When building our board, we cast a wide net. We ended up with a diverse group of people perfectly in tune with our company's ethos. Here's how you can too.
Sometimes it really does pay to play the field before settling down. To see what's out there, who you click with, and which relationships prove the most beneficial. And ditch the idea of a "type." When it comes to relations with advisors—just as in love—we've found you'll only limit your opportunities that way. It's far better to spread a wide net.
Look around the table at a Blu advisory board meeting and what you'll see is the result of our own "dating" process. It's comprised of died-in-the-wool environmentalists, technology experts, educators, and business people. Our board reflects a lot of the same qualities a college admissions officer seeks in an applicant: well rounded, passionate, and dedicated. Above all, we set out to create a diverse group made up of people who are in tune with our company's ethos. So we shopped around.
Faced with the question of how to set about identifying and wooing people who will make a real difference on our board, we worked to establish relationships first. We dated around before committing, inviting prospective members to get an inside look at what we do, to visit our factory, to meet our team. We thought carefully about benefits, formalizing the process of joining the advisory board, and emphasizing the deep involvement we were looking for from every member. And then it was time to make the first move—to ask some of these smart, energetic people to give us a try.
We did not ask all those with whom we built successful relationships to join us, however. We all know that not every partnership that has that "spark" can go the distance. Keeping in mind our mission to build a diverse and vibrant group, we extended invitations only to those we deemed a truly great fit.
But finding the right match is really only the beginning. You could select the perfect mix of advisors, but if the relationship isn't nurtured—in big and small ways—you're doing yourself, and your board, a disservice.
The key to long lasting board relationships? No surprise here. Communication.
Most people "get" the formal side of communicating with their board members. Board meetings, quarterly e-mails and the periodic snail mail communication, are of course invaluable. But the real key is consistency.
But like many young companies, we did not at first recognize a vital truth: that fostering a deep and continual feeling of involvement in the workings of the company is crucial to the success of the board (and, in turn, of the company). Once we started going beyond just sharing periodic, polished, “board-ready” materials with our advisors, and began including them in Blu's everyday successes we saw a more active and engaged group emerge.
It really can be the little things that matter. For example, now when we ring our office's "sale bell," signaling that a Blu Home has been sold, our advisors get a call, too. And thanks to the easy and genuine efforts of our CEO—for whom it is second nature to pick up the phone in a free moment to talk to one of our advisors about a possible sale, an upcoming event, or other goings-on around the company—our advisors are well aware that we care about and value them and their role.
Nurturing relationships this way creates a group of people who are not advisors in ceremonial name only, but who are trusted members of the company with a stake in its success. In other words, true partners.

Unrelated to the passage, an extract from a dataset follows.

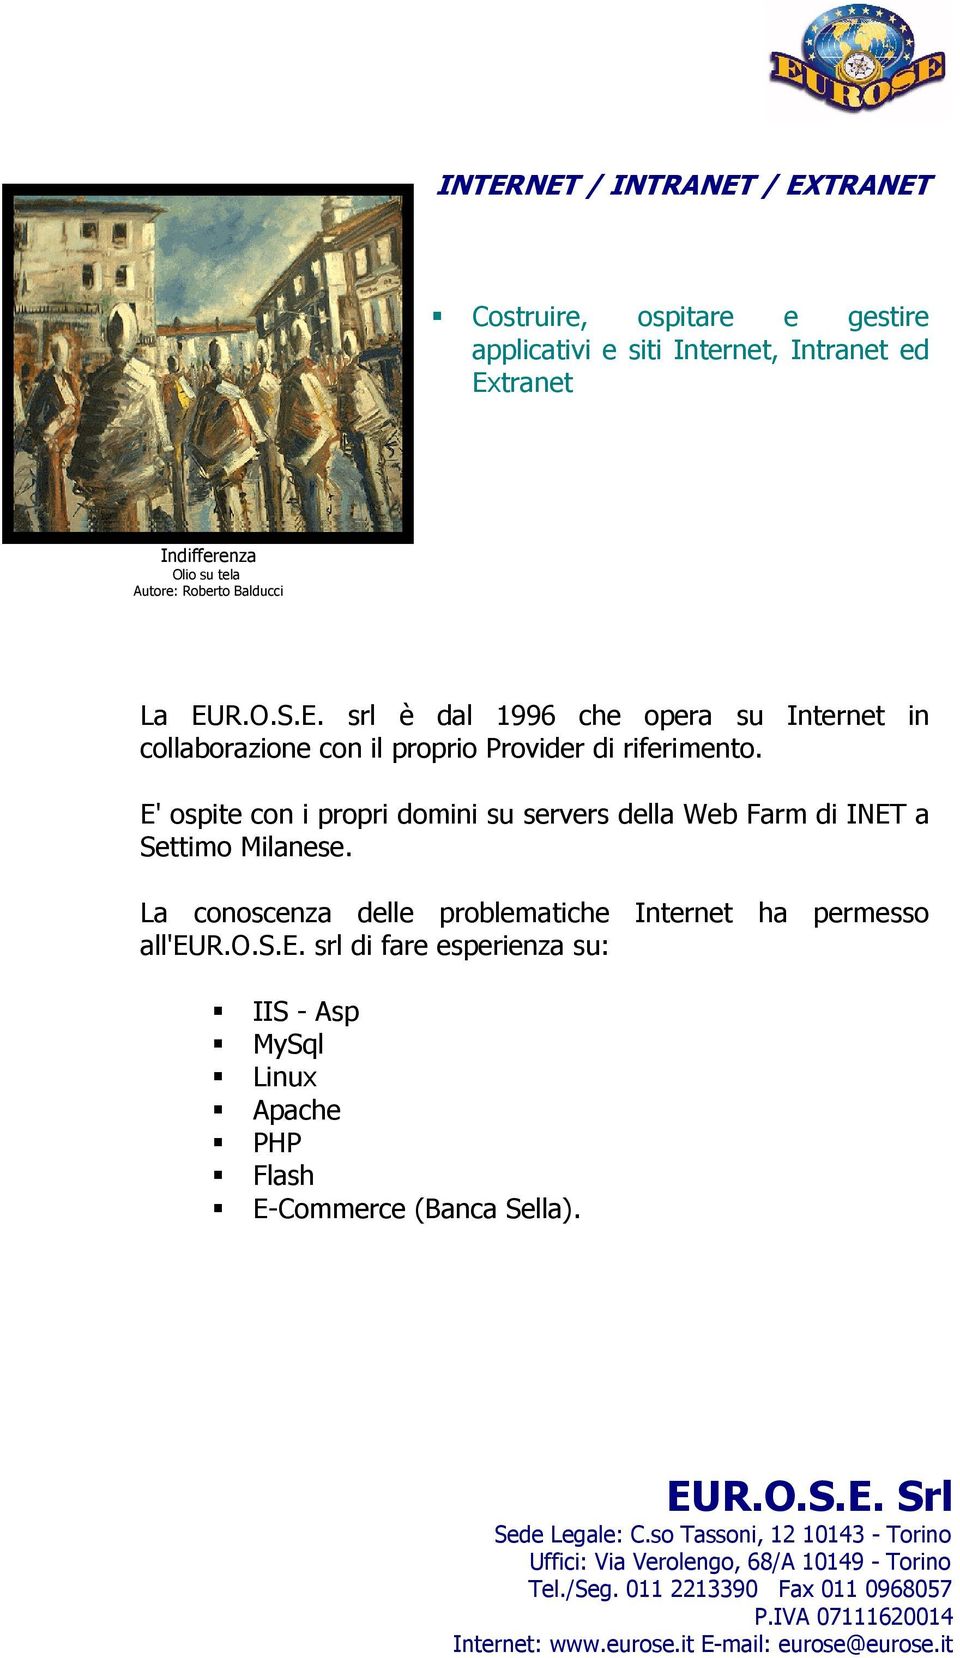 E' ospite con i propri domini su servers della Web Farm di INET a Settimo Milanese.

Regardless of communication, some partners are naturally more active than others. At times we find our board operates on the 80/20 rule, with 20 percent of the members providing 80 percent of the relevant help for the company. But it is deeply gratifying to see the most active advisors take the company's mission on as their own, truly becoming champions for Blu.

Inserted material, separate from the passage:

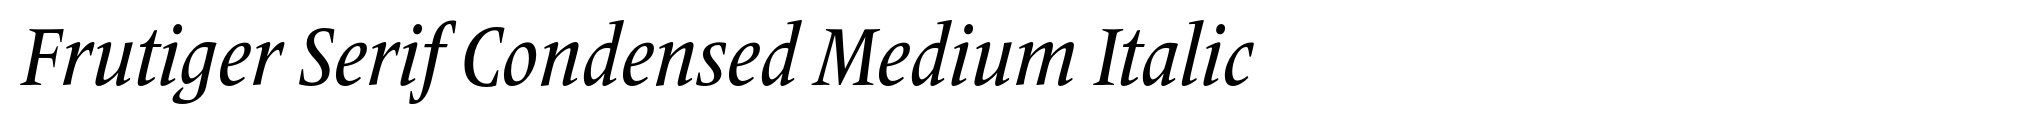 Frutiger Serif Condensed Medium Italic image

The original hope was that innovation and collaboration would grow more easily from the diverse mix of passionate personalities and perspectives we had put together. But the payoffs have been farther-reaching than we ever could have anticipated. Eschewing a board comprised of 100 percent hardcore "business" people in favor of a more "liberal-arts" approach, has lead to juicy and unexpected benefits, including new market opportunities and connections to funding.

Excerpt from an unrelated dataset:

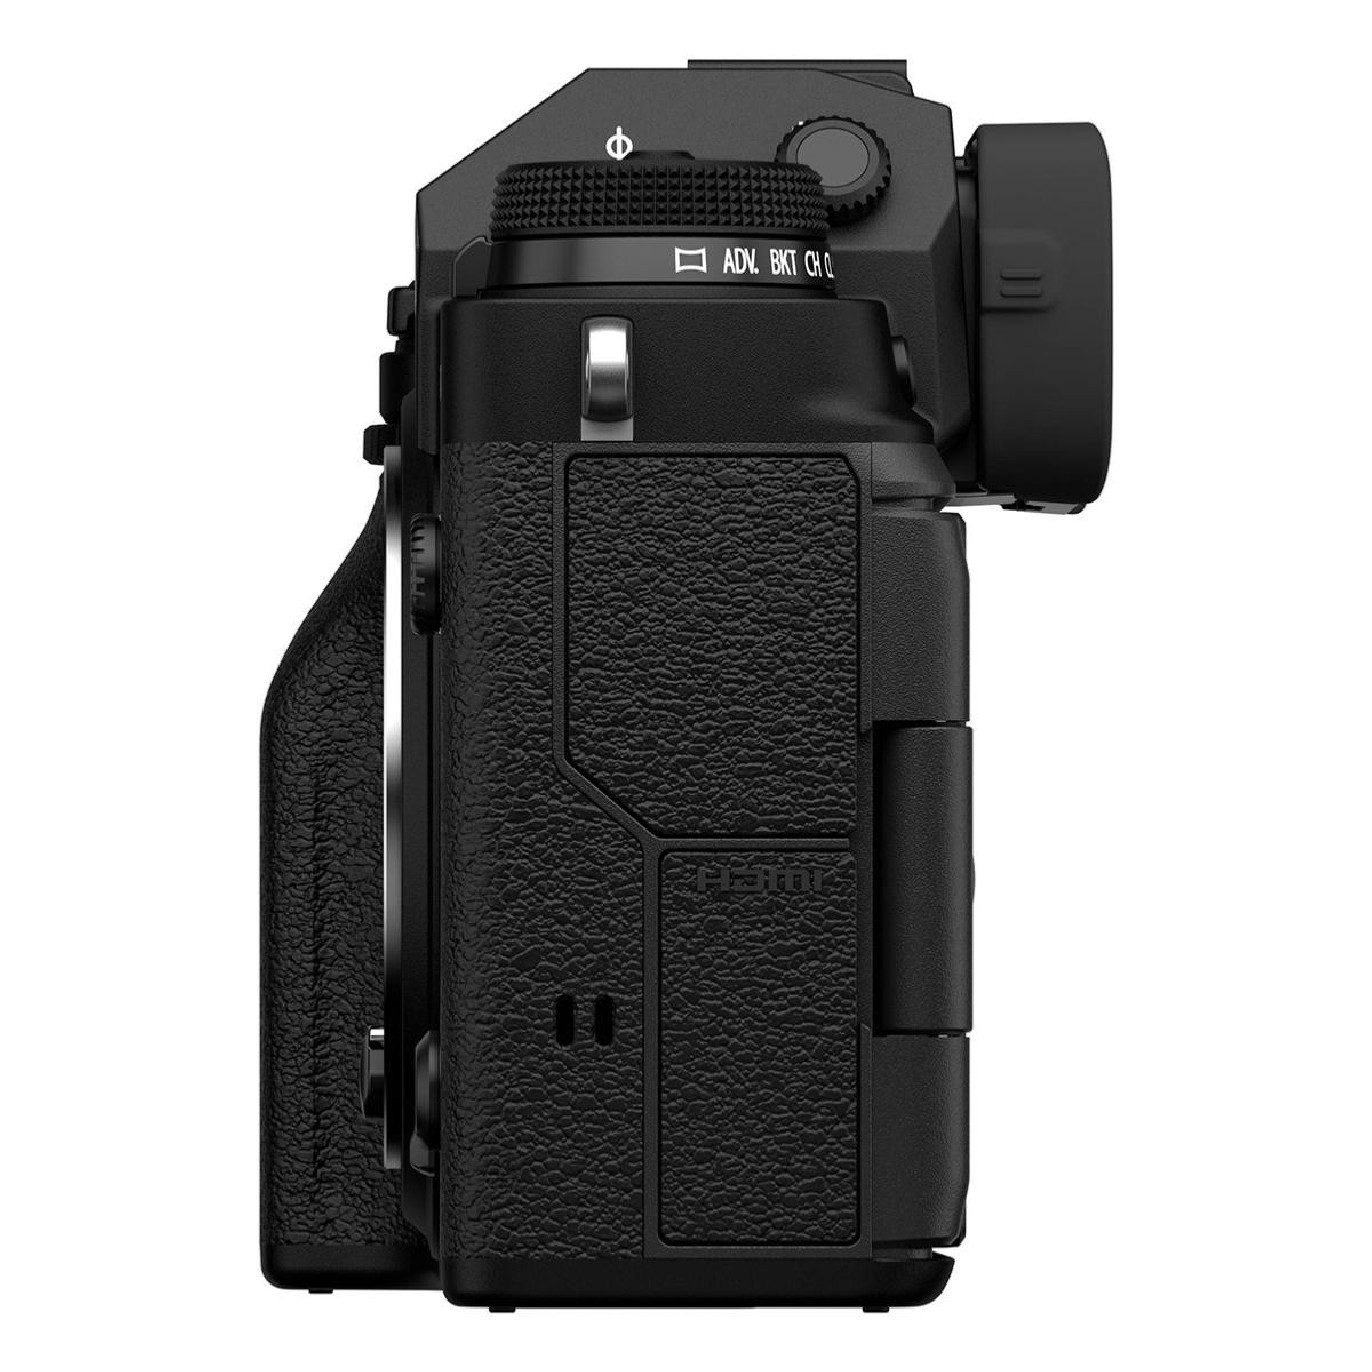 Fujifilm X-T4 Noir + Objectif XF 18-55mm

One of our board members, selected for both his environmental expertise and his deep commitment to our mission, brought with him connections to regional conservation groups, which are looking toward judicious green development. A market opportunity was born. This taught us that choosing unique advisors who care about your company can make your business aware of and well positioned for valuable new business opportunities.
Similarly, we have seen again and again that the people who want to invest with and help grow a company are not only the top venture capitalists you might imagine, but also those who are connected to the "soul" of the company. When you reach out for dedicated advisors who are not necessarily contacts for investment, links to huge funding possibilities can be a happy—if surprising—byproduct. Take the expert in environmental policy and business that we pursued for his innovative ideas, who serendipitously pointed us to an opportunity for investment from a source we'd not known anything about (a personal connection of his). When an advisory board member feels deeply attached to the mission and ideals of a company and in turn brings this enthusiasm to his or her own network, the rewards can be huge.
To us, an effective board of advisors is an eclectic one that is allowed to share in the excitement of the growing company. In organizations that are fast finding their niche and picking up steam, the milestones along the way are opportunities for connecting and celebrating with the people you've chosen to bring into the company's most trusted inner circle. And in return, they will pay you back with ideas and enthusiasm that might move your company forward in astonishing, unforeseen ways.